4. Multiple Variable Tracking

Representative results:

VariablesApproximate Median
106.5364 µs
5033.240 µs
10066.963 µs
1000669.67 µs
50003.3126 ms
100006.5949 ms

This is close to linear scaling.

Interpretation:

  • batch tracking cost grows predictably;
  • the per-item cost is roughly stable;
  • the log marks these paths as regressions against the prior baseline.

5. Analysis Cost

Representative analysis results:

RecordsApproximate Median
105.2939 µs
5016.028 µs
10029.759 µs
1000285.64 µs
50001.5684 ms
100004.1880 ms
5000033.887 ms

Interpretation:

  • small and medium analysis is fast enough for interactive use;
  • large analysis becomes millisecond-scale;
  • 50,000 records is tens of milliseconds;
  • several larger analysis cases show significant relative regressions.

6. Backend Event Construction

Representative backend allocation times:

BackendAlloc Median
Core23.022 ns
Lockfree39.265 ns
Async23.008 ns
Unified39.512 ns

Representative deallocation times:

BackendDealloc Median
Core22.859 ns
Lockfree38.586 ns
Async22.632 ns
Unified39.147 ns

Interpretation:

  • backend event construction is nanosecond-scale;
  • Core and Async are similar in this benchmark;
  • Lockfree and Unified are slower, roughly in the high-30ns range;
  • this benchmark measures event construction, not full end-to-end application overhead.

7. Concurrent Tracking

Representative concurrent tracking results:

ThreadsApproximate Median
119.174 µs
240.599 µs
455.303 µs
8134.74 µs
16372.96 µs
32961.58 µs
641.8646 ms
1284.6714 ms

Interpretation:

  • concurrency works;
  • scaling is not linear;
  • thread scheduling and shared state costs are visible;
  • 48-thread results show regression, while some larger thread-count cases show improvement against the previous baseline.

8. Shared Tracker Concurrent Tracking

Representative shared tracker results:

ThreadsApproximate Median
198.300 µs
2231.96 µs
4363.82 µs
8924.19 µs
161.8448 ms
323.5680 ms
647.0581 ms

Interpretation:

  • sharing one tracker across many threads is a stress scenario;
  • costs grow clearly with thread count;
  • the log shows improvements against previous runs, but absolute shared-state cost remains visible.

9. Allocation Patterns

Representative results:

PatternApproximate MedianLog Status
many small allocations809.84 µsregressed
few large allocations96.308 µsimproved
mixed size allocations111.44 µsregressed
burst allocations789.08 µsno significant change

Interpretation:

  • many small allocations remain expensive compared with few large allocations;
  • allocation pattern matters;
  • performance should be discussed by workload shape, not one global number.

10. Tracking Stats

Some statistics operations are extremely cheap:

OperationApproximate Median
stats_record_attempt1.8200 ns
stats_record_success1.8211 ns
stats_record_miss3.2607 ns
stats_get_completeness548.58 ps
stats_get_detailed_stats1.6463 ns

These are tiny operations, but they should not be confused with full tracking or analysis cost.

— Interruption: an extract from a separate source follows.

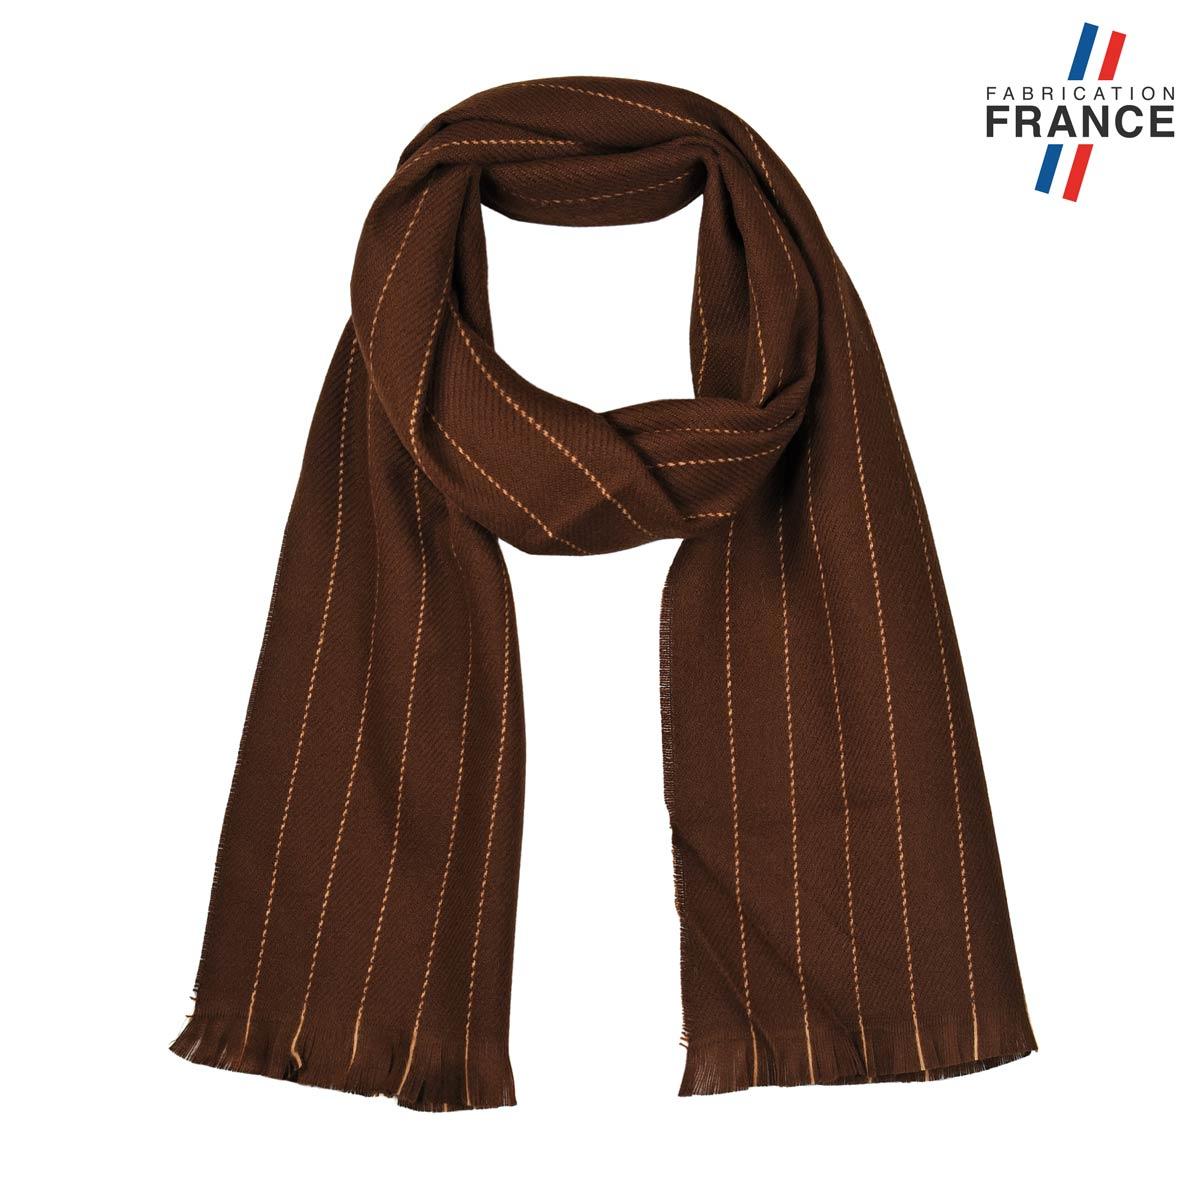 AT-05611_F12-1FR_Echarpe-mixte-marron-fabriquee-en-france

11. What the Benchmark Does Not Prove

The benchmark log does not prove:

  • production overhead under all workloads;
  • async attribution overhead in isolation;
  • StackOwner grouping cost in isolation;
  • dashboard rendering cost under large reports;
  • memory overhead under long-running services;
  • correctness of relation inference.

Benchmarks measure performance of specific paths, not the whole tool in every environment.


12. Honest Summary

The accurate performance story is:

  • core event construction is nanosecond-scale;
  • explicit variable tracking is usually sub-microsecond for small values;
  • batch tracking scales roughly linearly;
  • analysis becomes millisecond-scale for large record counts;
  • concurrency is supported but not free;
  • shared tracker scenarios show real contention cost;
  • benchmark logs include both improvements and regressions.

The most honest phrasing is:

memscope-rs has practical profiling overhead for many measured paths, but it is not zero-cost and the benchmark log shows active performance evolution.